======== Recorded data ========

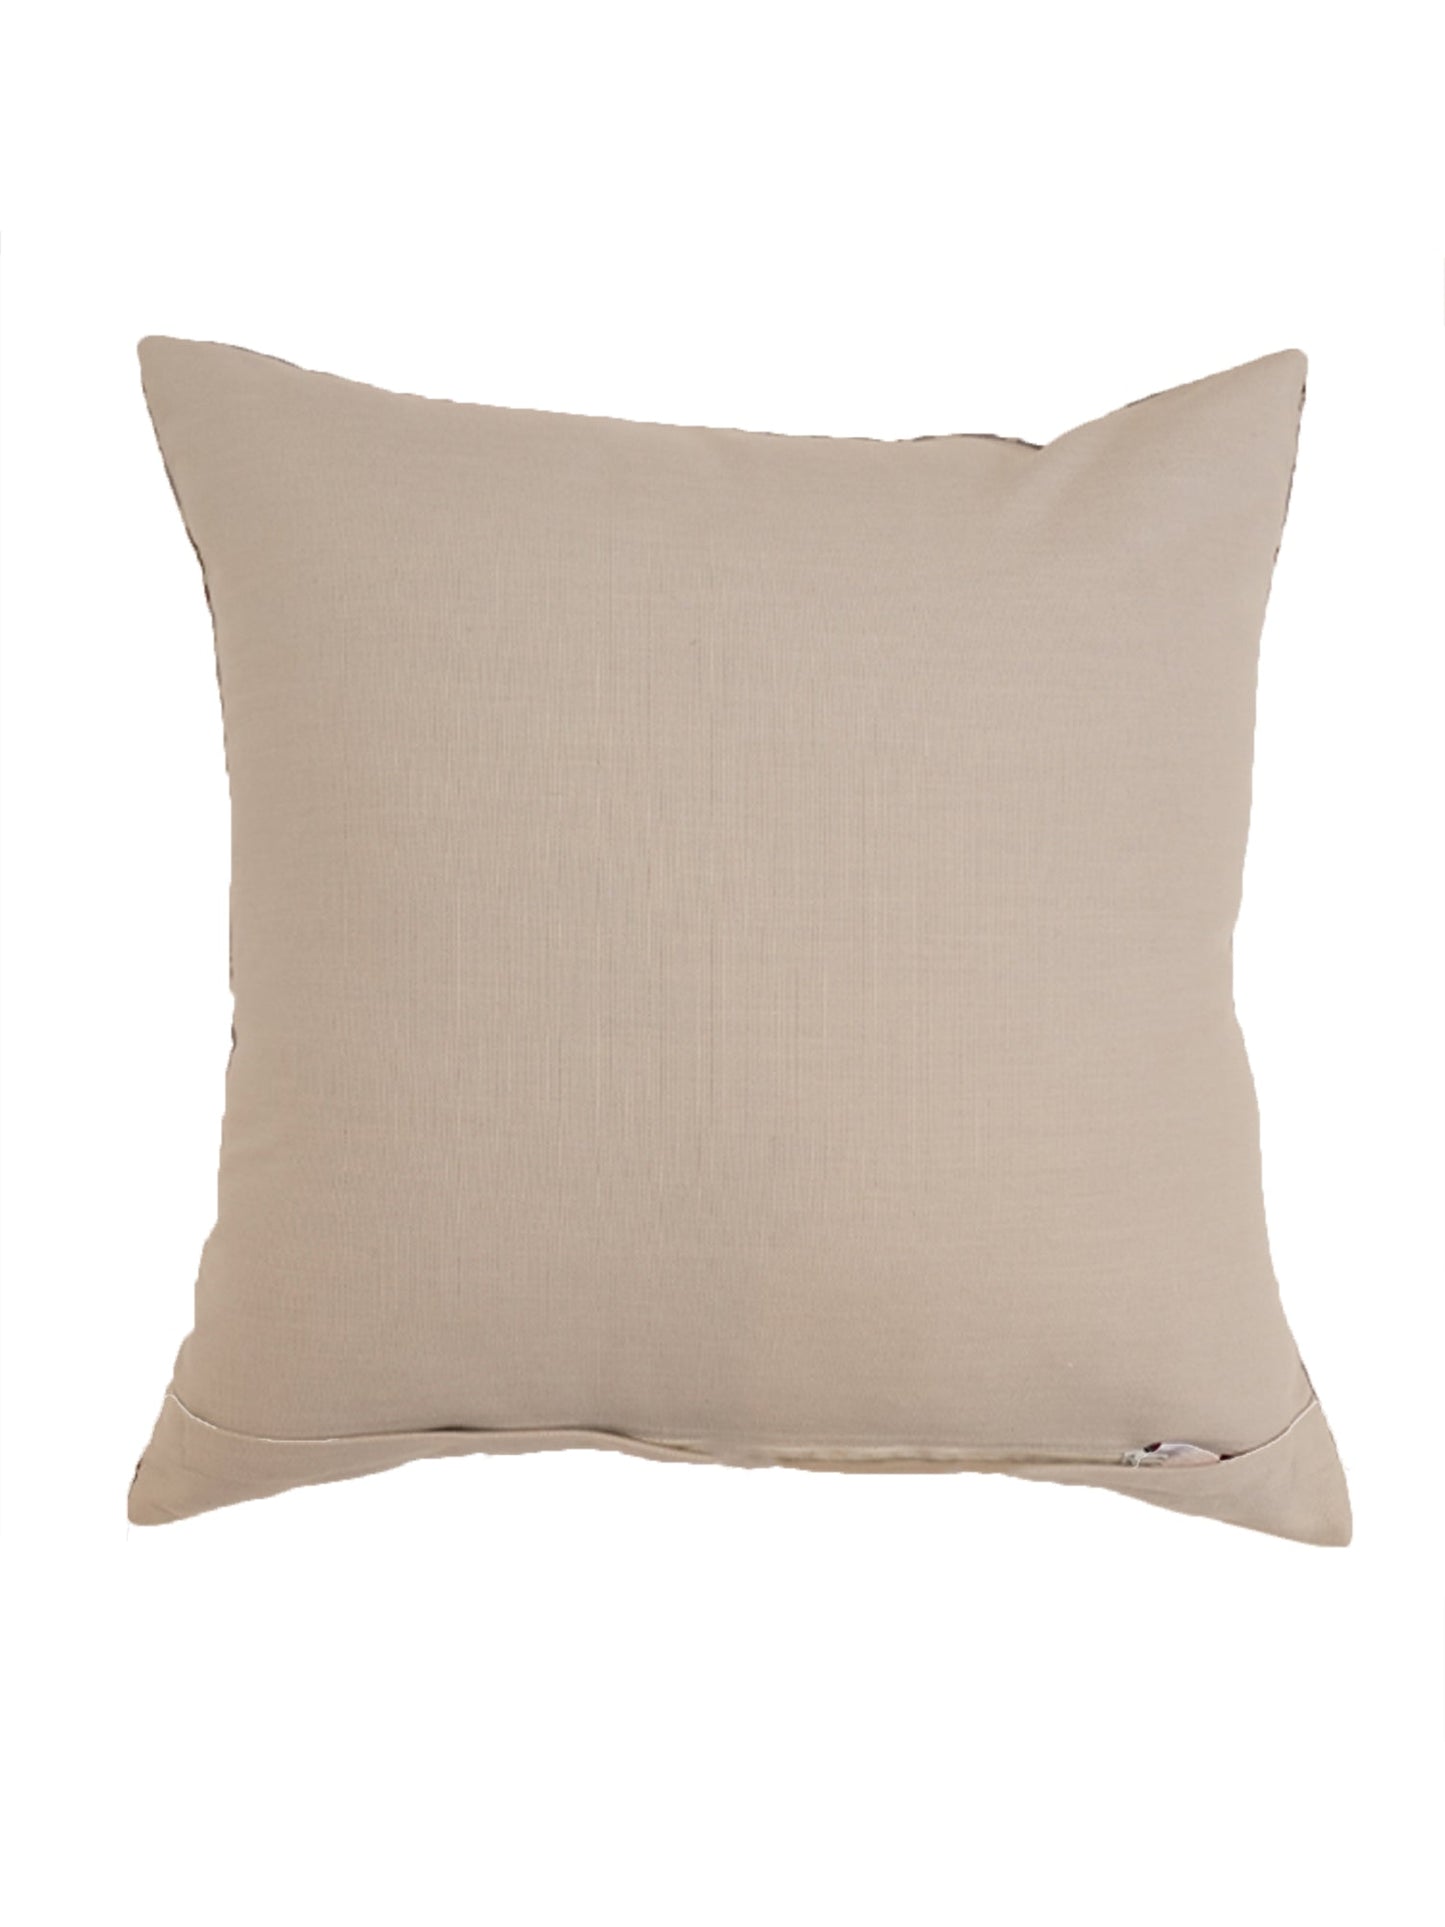 Cushion Cover with Zari Embroidery on Floral Print Polycanvas Grey - 20" X 20"
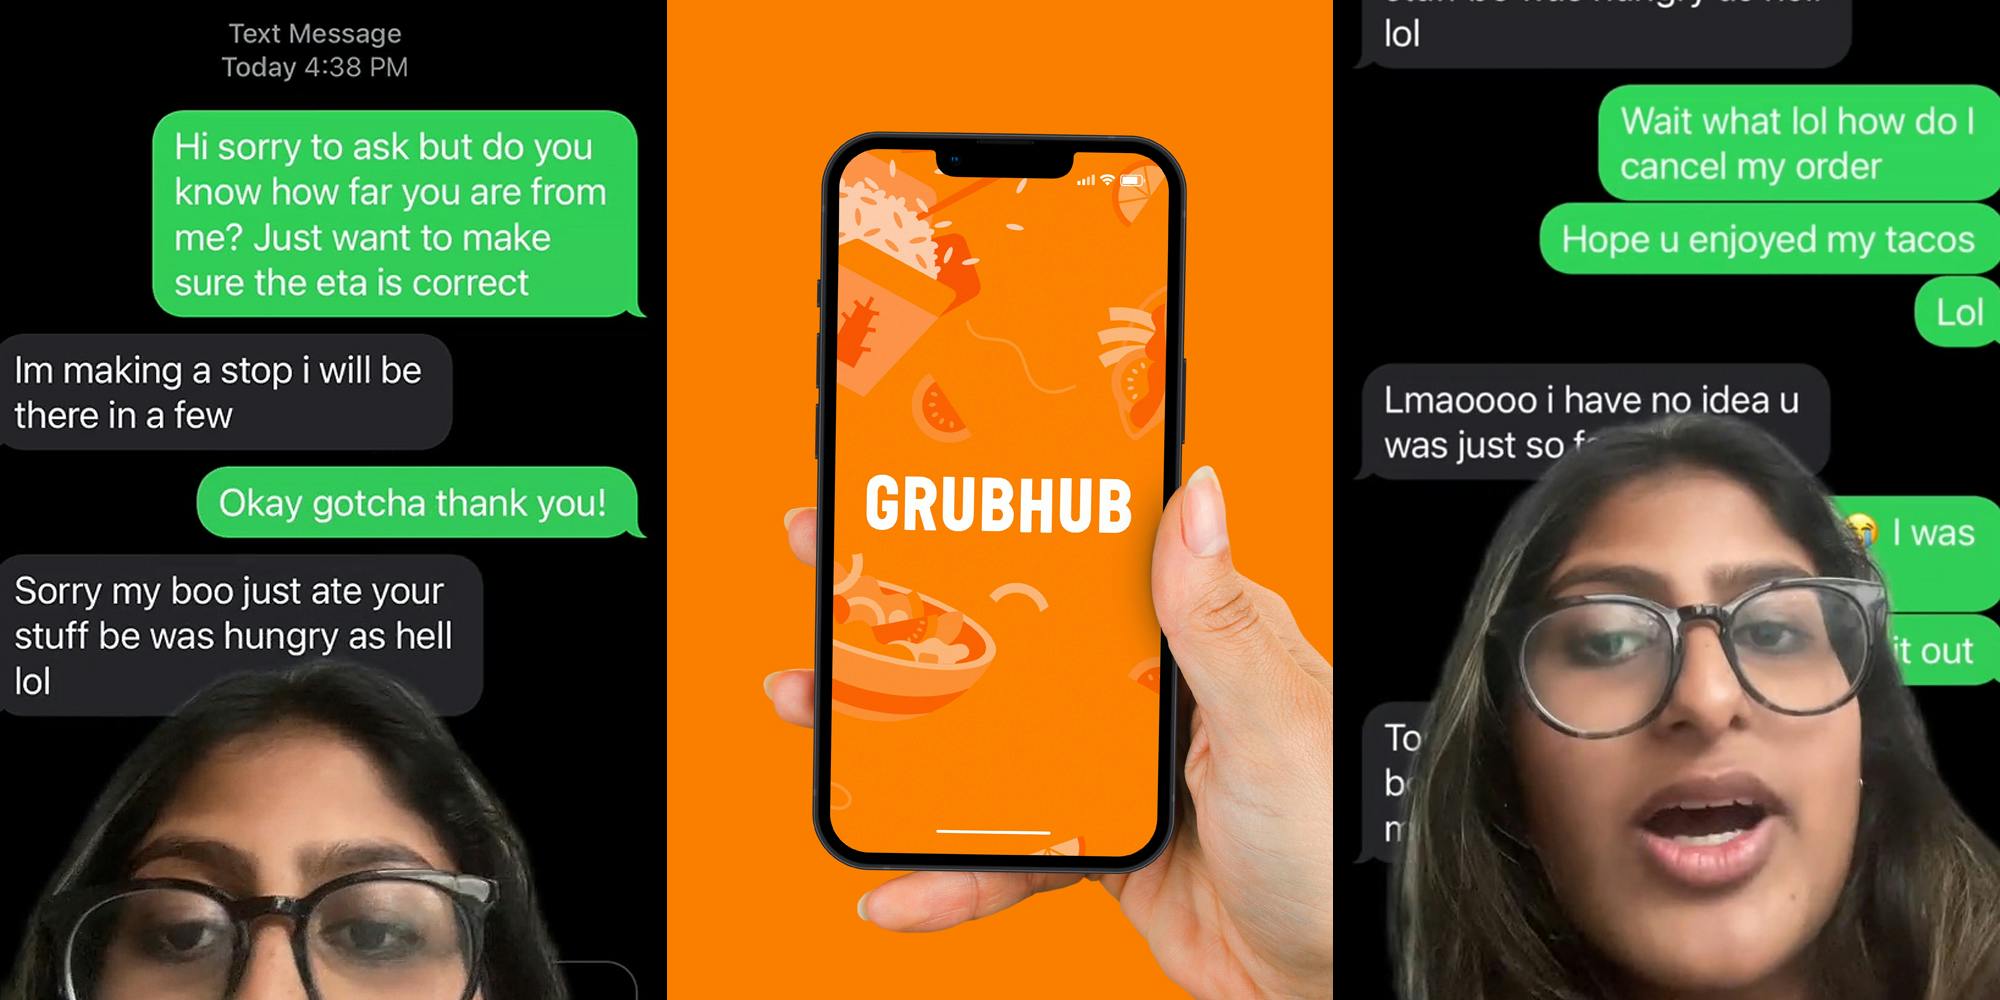 woman greenscreen TikTok over text messages "Hi sorry to ask but do you know how far you are from me? Just want to make sure the eta is correct" "Im making a stop i will be there in a few" "Okay gotcha thank you!" Sorry my boo just ate your stuff be was hungry as hell lol" (l) Grubhub app on phone in hand on orange background (c) Woman greenscreen TikTok over text messages "Wait what lol how do I cancel my order Hope u enjoyed my tacos Lol" "Lmaoooo i have no idea u was just so far" (r)
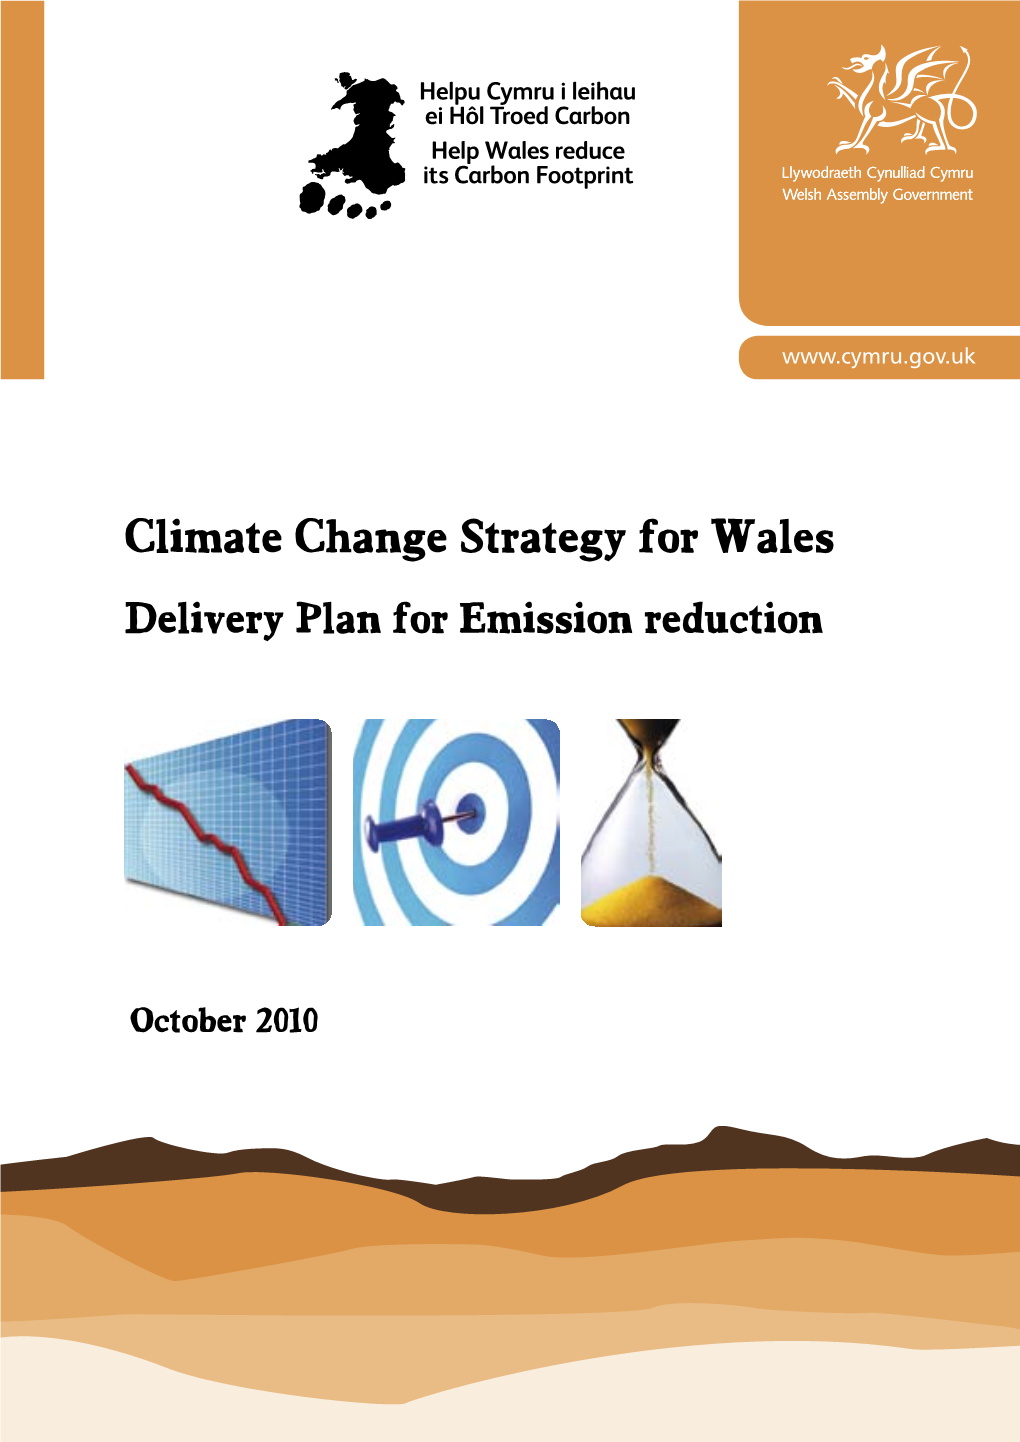 Climate Change Strategy for Wales Delivery Plan for Emission Reduction

========

**Task to complete**. Your answer must be an exact copy of the listing, with every picture omitted.

**Response to the exercise**.
 Cushion Cover with Zari Embroidery on Floral Print Polycanvas Grey - 20" X 20"
 woman greenscreen TikTok over text messages "Hi sorry to ask but do you know how far you are from me? Just want to make sure the eta is correct" "Im making a stop i will be there in a few" "Okay gotcha thank you!" Sorry my boo just ate your stuff be was hungry as hell lol" (l) Grubhub app on phone in hand on orange background (c) Woman greenscreen TikTok over text messages "Wait what lol how do I cancel my order Hope u enjoyed my tacos Lol" "Lmaoooo i have no idea u was just so far" (r)
 Climate Change Strategy for Wales Delivery Plan for Emission Reduction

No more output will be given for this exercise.